Я отменила еще один вечер с мамой, поэтому она заглядывает ко мне в комнату.
— Итак, — говорит она.
— Извини, что отменила, мам. Просто чувствую себя не очень.
Она сразу прижимает руку к моему лбу.
— Ментально, а не физически, — объясняю я. Не могу выбросить из головы руку Загадочной Девушки на плече у Олли.
Она кивает, но не убирает ладонь, пока не убеждается, что жара у меня нет.
— Итак, — говорю я, подсказывая ей. Мне очень хочется остаться одной.
— Когда-то и я была подростком. И единственным ребенком. Я была очень одинокой. Я поняла, что быть подростком больно.
Вот почему она здесь? Потому что думает, что мне одиноко? Потому что думает, что у меня своего рода подростковая тоска?
— Я не одинока, мам, — сердито произношу я. — Я одна. Это разные вещи.
Она морщится, но не отступает. Вместо этого, она опускает руку и гладит меня по щеке, пока я не начинаю смотреть ей в глаза.
— Я знаю, детка. — Ее руки снова за ее спиной. — Может, сейчас не хорошее для этого время. Хочешь, чтобы я ушла?
Она всегда такая здравомыслящая и понимающая. Сложно злиться на нее.
— Нет, все в порядке. Извини. Останься. — Я подтягиваю ноги, освобождая ей место.
— Что ты прячешь? — спрашиваю я.
— Я принесла тебе подарок. Думала, так ты будешь чувствовать себя менее одинокой, но теперь я не уверена.
Она вытаскивает из-за спины фотографию в рамочке. Мое сердце сжимается в груди. Это старая фотография нас четверых — меня, моей мамы, папы и брата, — на которой мы стоим на пляже где-то в тропиках. Солнце село позади нас, и тот, кто нас фотографировал, должно быть, включил вспышку, потому что наши лица на темнеющей небе кажутся яркими, практически сияющими.

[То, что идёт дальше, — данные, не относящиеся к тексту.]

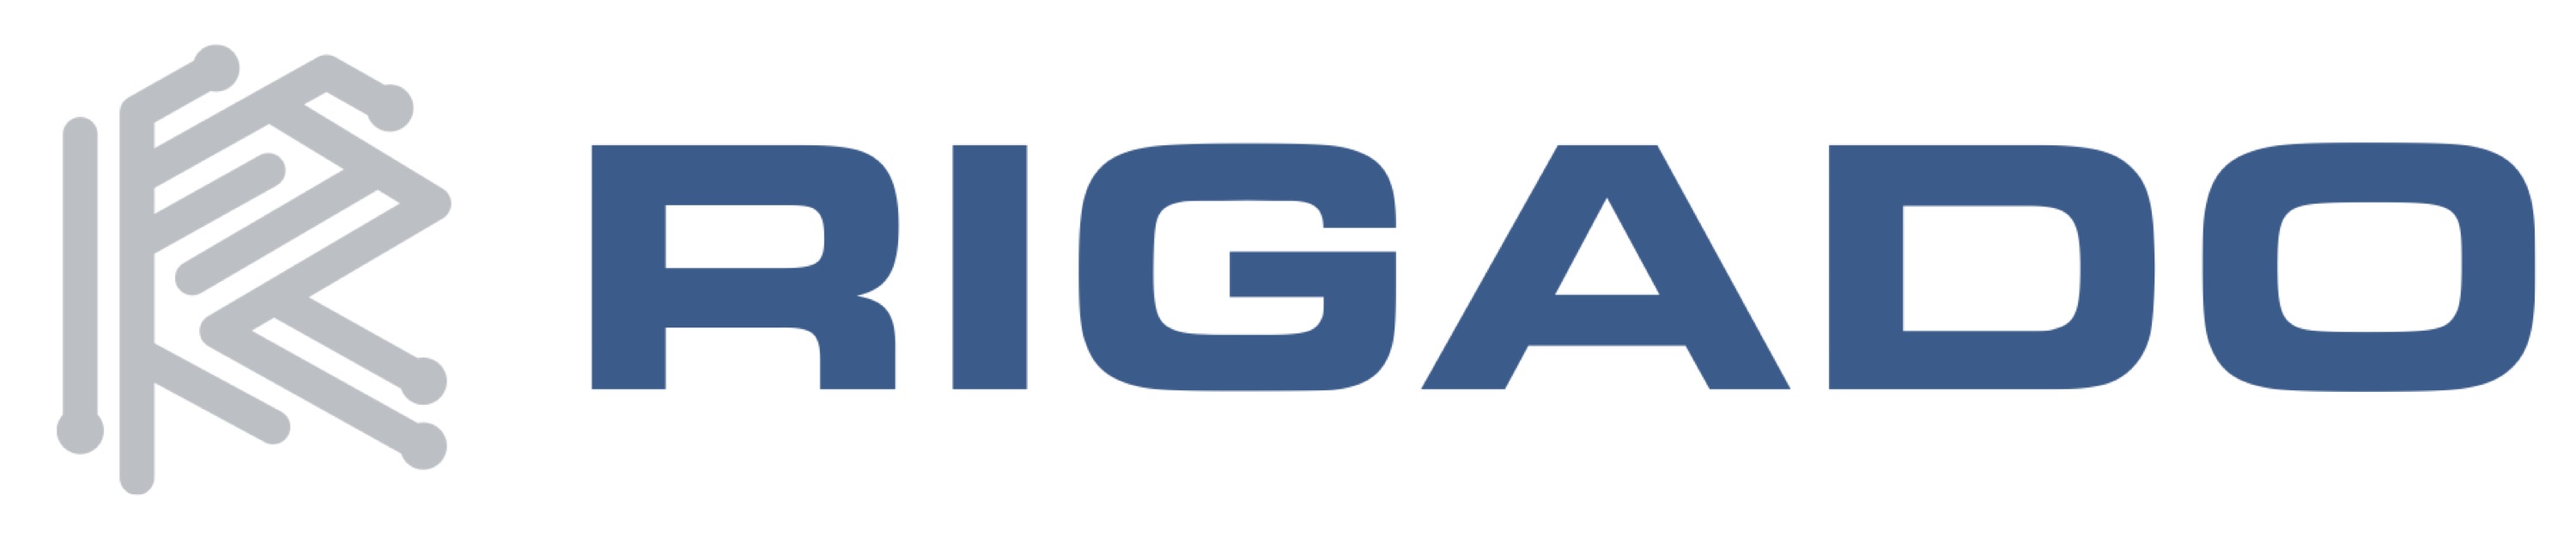 Rigado Logo_new_large.jpg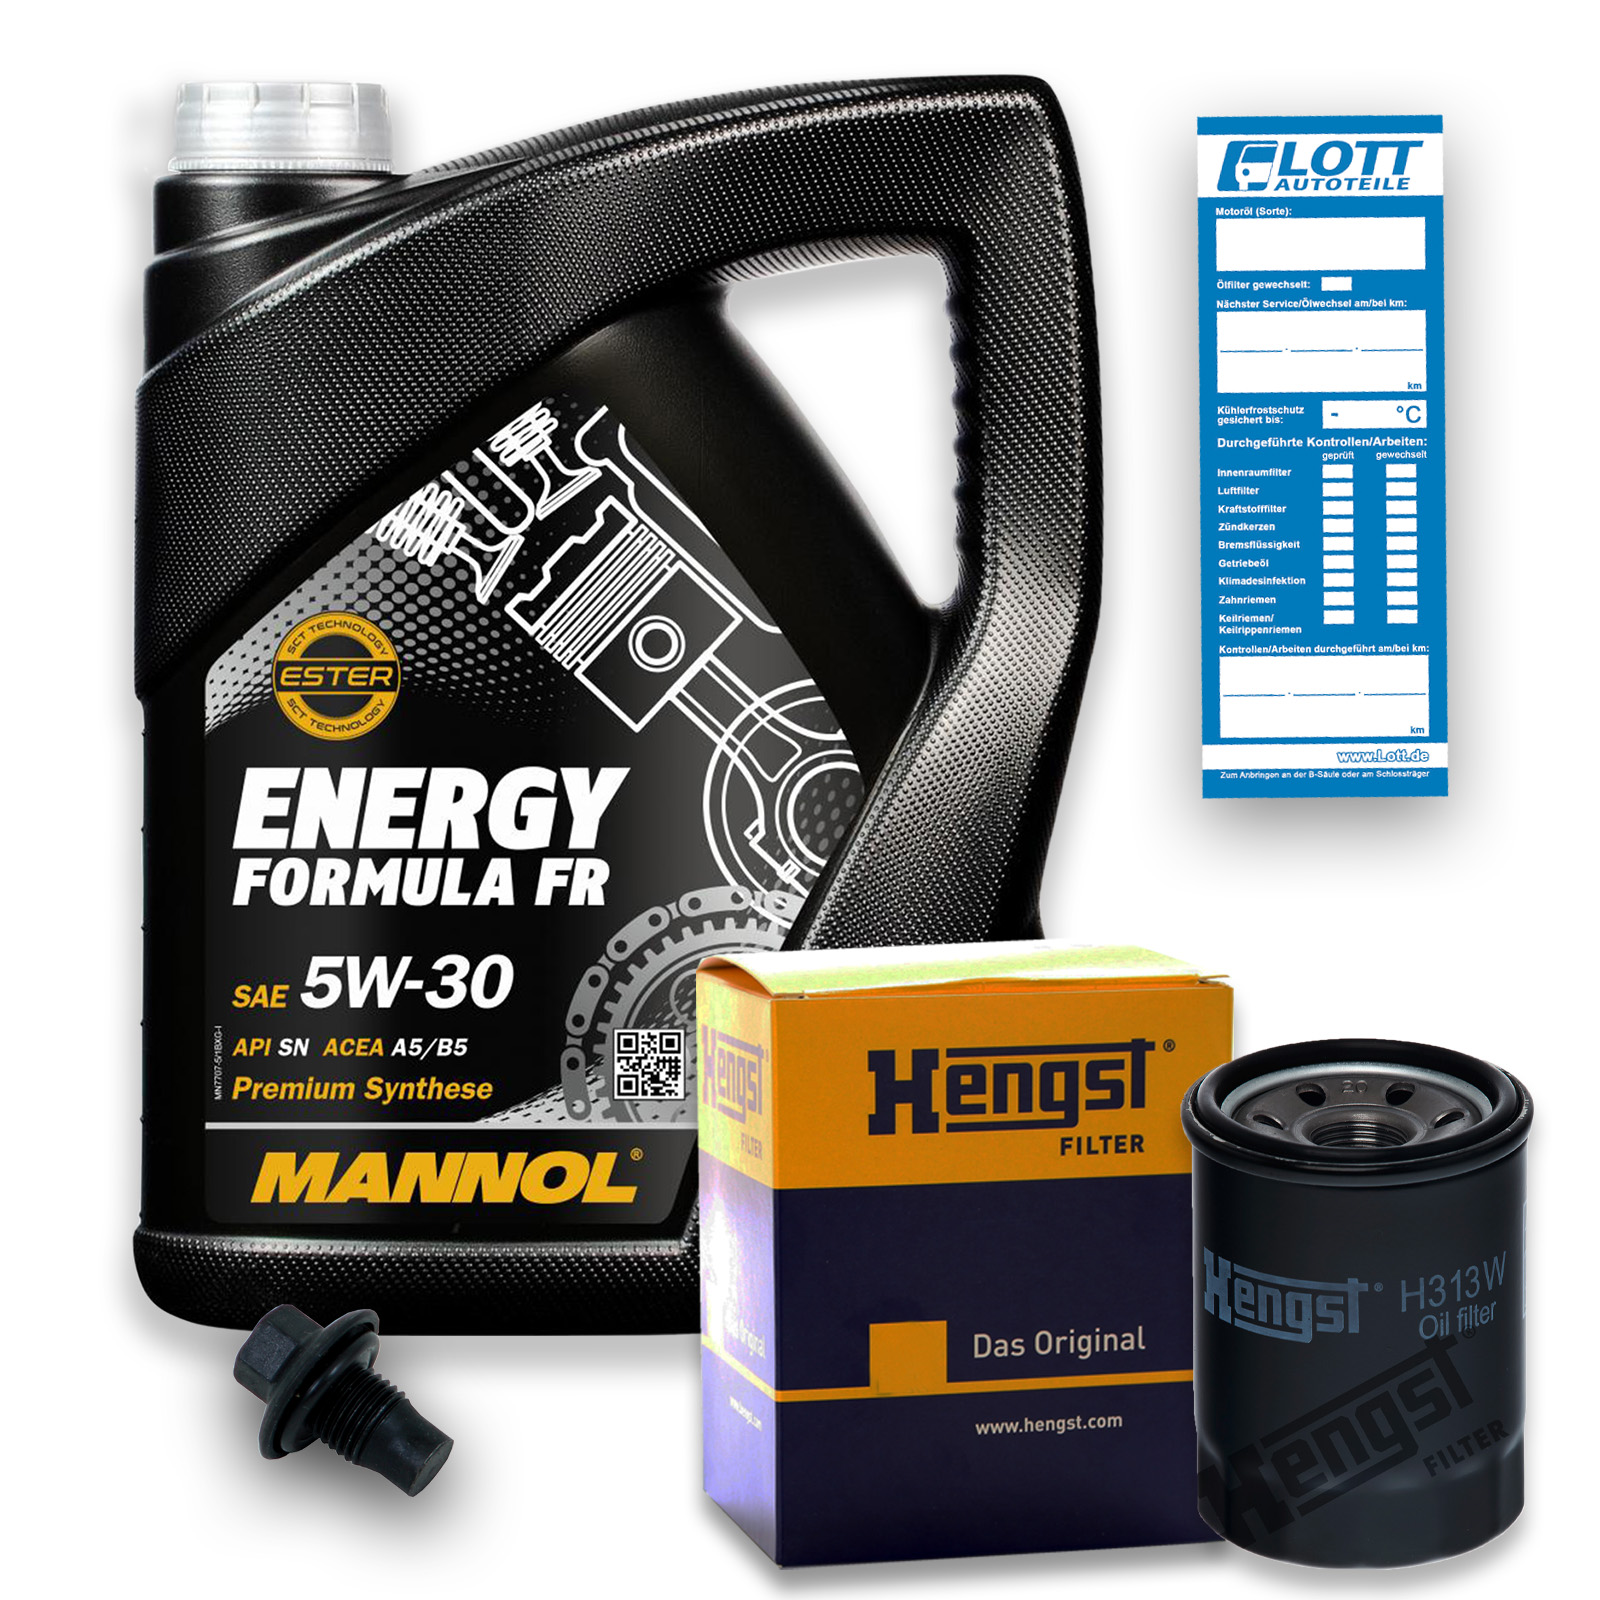 Mannol Inspektionskit Motoröl + HENGST Ölfilter + Ablassschraube

Мой брат одной рукой держится за папу, а другой подпирает маленького коричневого плюшевого зайку. Большей частью он являет собой миниатюрную версию мамы — те же самые прямые черные волосы и темные глаза. Единственным отличием является папина темная кожа. Папа одет в рубашку с принтом Алоха и шорты. Аляповатый, именно так я могу его описать. И все равно он красивый. Его рука лежит на мамином плече, и он, кажется, придвигает ее ближе. Он смотрит прямо в камеру. Если и был кто-то, у кого было все, то это мой папа.
Мама одета в красное платье без лямок с узорами в виде цветов. Ее влажные волосы завиваются вокруг лица. На ней нет макияжа или драгоценностей. Она выглядит альтернативной версией мамы, которая сидит рядом со мной. Кажется, она принадлежит этому пляжу и этим людям больше, чем принадлежит этой комнате, в которой застряла со мной. Она держит меня на руках и единственная не смотрит в камеру. Вместо этого она смеется надо мной. Я улыбаюсь так глупо, такой беззубой улыбкой, которой могут улыбаться только дети.
Я не видела ни одной фотографии с собой на улице. Я даже не знала, что такие есть.
— Где это? — спрашиваю я.
— Гавайи. Мауи был любимым местом твоего папы.
Сейчас ее голос практически стал шепотом.
— Тебе было всего четыре месяца, а потом мы поняли, почему ты всегда болела. Это было за месяц до аварии.
Я прижимаю фотографию к груди. Мамины глаза заполняются слезами, которые не падают.
— Я люблю тебя, — говорит она. — Больше, чем ты знаешь.
Но я знаю. Я всегда чувствовала, как ее сердце тянется защитить меня. Я слышу колыбельную. Все еще могу почувствовать руки, убаюкивающие меня, и ее поцелуи в щеки по утрам. И я люблю ее в ответ. Не могу представить себе мир, который она бросила ради меня.
Не знаю, что сказать, поэтому говорю, что тоже ее люблю. Этого недостаточно, но и так сойдет.
После того, как она уходит, я стою перед зеркалом и прикладываю фотографию к лицу. Смотрю на себя на фотографии, потом на себя в зеркале и обратно.
Эта фотография своего рода машина времени. Моя комната исчезает, и я на пляже, окружена любовью, соленым воздухом, увядающим теплом и удлиняющимися тенями заката.
Я заполняю свои крохотные легкие таким количеством воздуха, которое могу вдохнуть, и задерживаю дыхание. И с тех пор я его задерживала.